Vaccines

January 12, 2023

Antibody “fingerprinting” method potential advance to slow spread of dengue

Vanderbilt researchers have reported a major advance in understanding and potentially preventing dengue, a devastating, mosquito-borne tropical viral infection that is spreading across the globe.

 

by Bill Snyder

Researchers at Vanderbilt University Medical Center, in collaboration with Takeda Vaccines Inc., have reported a major advance in understanding and potentially preventing dengue, a devastating, mosquito-borne tropical viral infection that is spreading across the globe.

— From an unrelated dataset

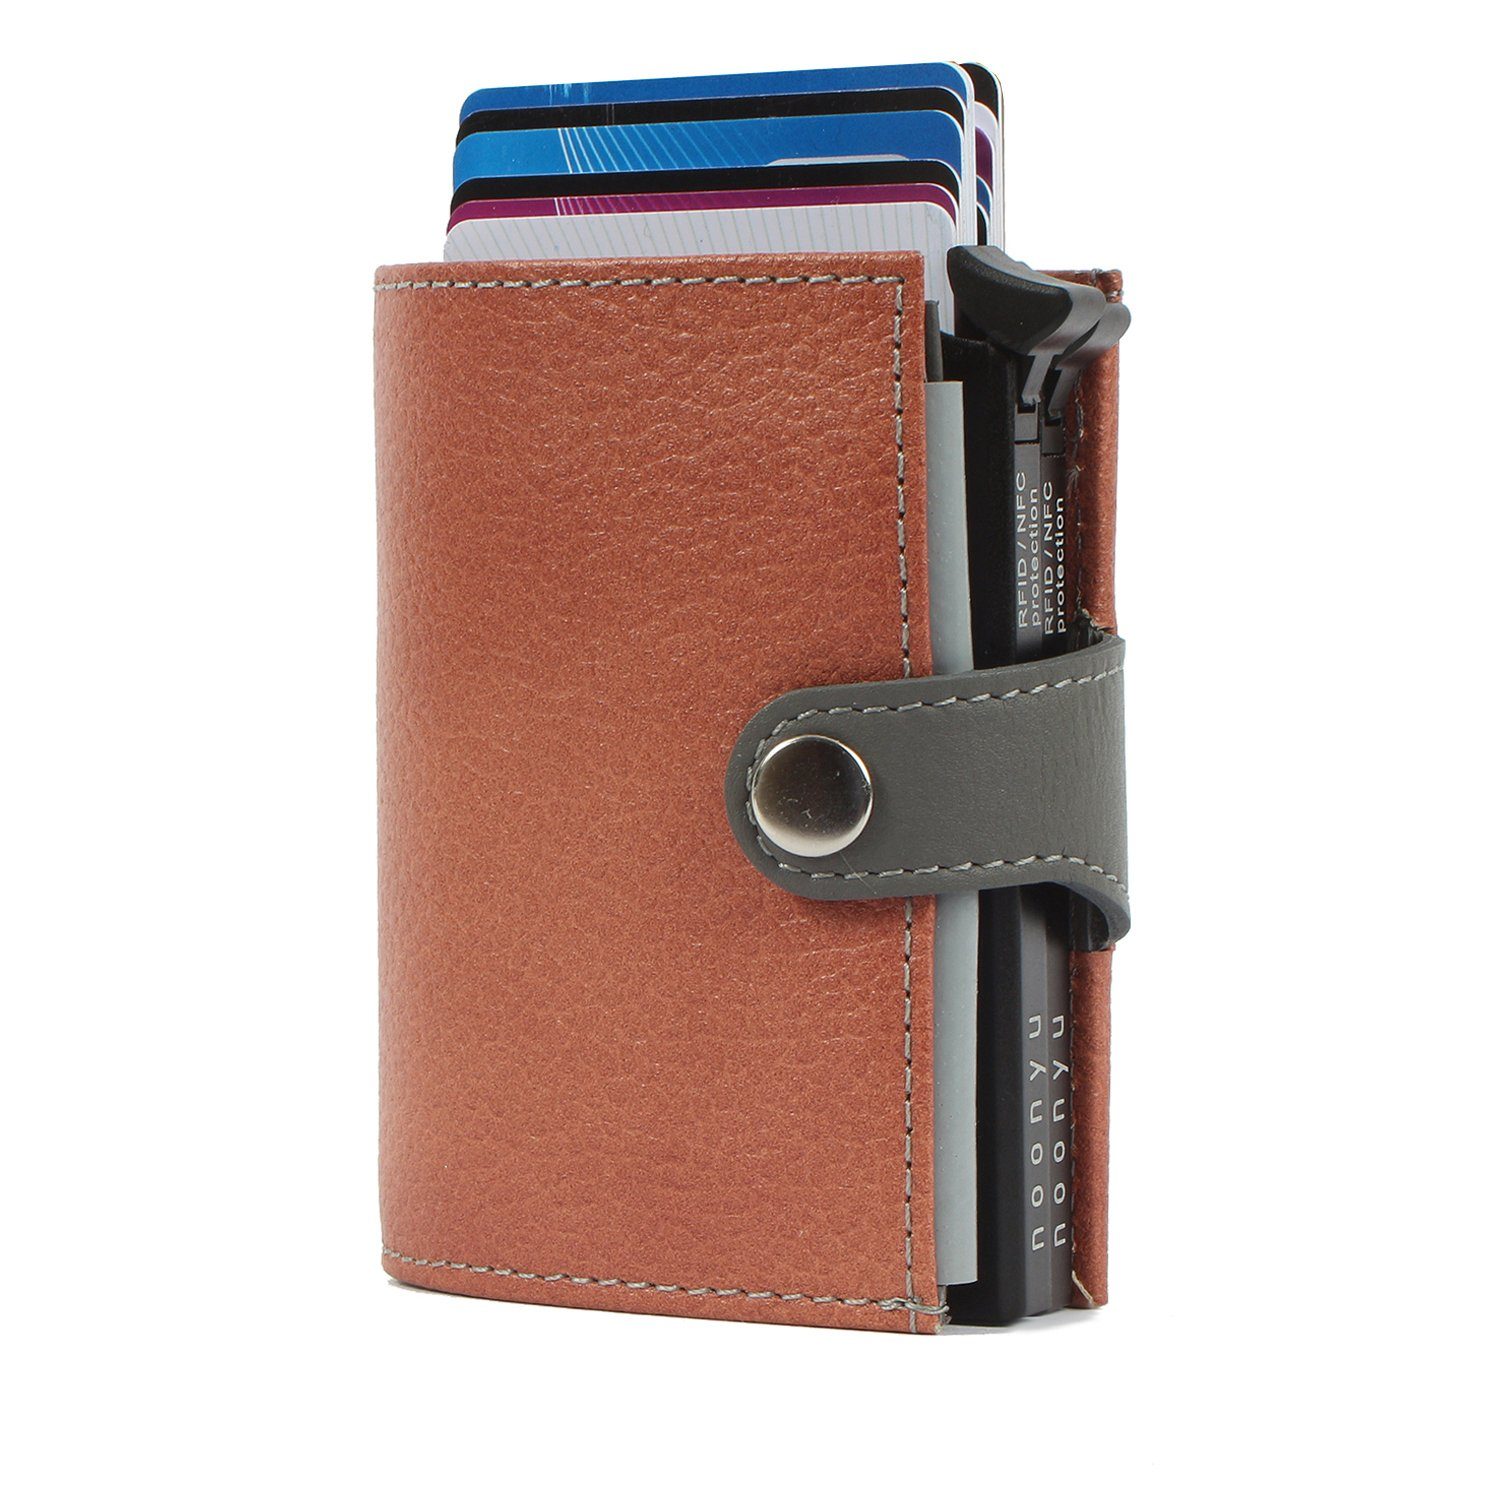 aus Mini leather, Geldbörse Upcycling Kreditkartenbörse Leder salmon noonyu RFID Margelisch double

Their technique, called neutralization fingerprinting, characterizes the diverse, “poly- clonal” antibody responses to dengue infections and vaccines in a way that should help guide further vaccine development and optimization.

While the Dengvaxia vaccine has been approved for use in certain geographic regions, it does not offer complete protection against all four of the dengue viruses (called dengue “serotypes”) that elicit different immune responses.

This is important, because antibodies generated against one serotype can enhance a subsequent infection by a different serotype.

This antibody-dependent enhancement of infection increases the risk for dengue hemorrhagic fever and dengue shock syndrome, characterized by fever, vomiting, internal bleeding and potentially fatal circulatory collapse.

“The existence of multiple dengue virus serotypes presents a formidable challenge for the human immune system to elicit broadly protective responses,” said Ivelin Georgiev, PhD, co-corresponding author with Robert Carnahan, PhD, of the paper published Dec. 13 in the journal Cell Reports.

“A better understanding of the complexity of the immune response to dengue vaccines is needed,” said Georgiev, who directs the Vanderbilt Program in Computational Microbiology and Immunology.

“Our technology offers a unique opportunity to decipher the key ingredients in the responses to dengue vaccines, providing a roadmap for further vaccine optimization.”

The neutralizing fingerprinting technology (NFP) was developed several years ago by Georgiev and colleagues, then at the National Institute of Allergy and Infectious Diseases of the National Institutes of Health, to “deconvolute” the polyclonal antibody responses to infection by the human immunodeficiency virus (HIV), which causes AIDS.

In the current study, Georgiev, Carnahan, and their colleagues examined the neutralization patterns of polyclonal antibodies responding to the investigational TAK-003 vaccine, which is now licensed in Indonesia and Asia.

Using their NFP algorithm, they discovered that antibody neutralization patterns in individuals who had been previously infected by various dengue serotypes prior to vaccination differed significantly from the patterns observed in previously uninfected individuals who received the vaccine.

The technique predicted amplification by the vaccine of pre-existing neutralizing antibody specificities in previously infected, seropositive individuals, thus quantifying the role of immunologic imprinting in driving antibody responses to dengue virus vaccines.

Georgiev, associate professor of Pathology, Microbiology & Immunology, Biomedical Informatics, and Computer Science, has pioneered computational methods to model antibody-antigen interactions.

Carnahan, professor of Pediatrics and of Radiology & Radiological Sciences, and associate director of the Vanderbilt Vaccine Center, has advanced the use of human monoclonal antibodies to prevent life-threatening viral infections.

VUMC co-authors included Nagarajan Raju, PhD, Xiaoyan Zhan, PhD, and James E. Crowe, Jr., MD. Takeda Vaccines collaborators included Subash Das, DVM, PhD, Lovkesh Karwal, MS, and Hansi J. Dean, PhD.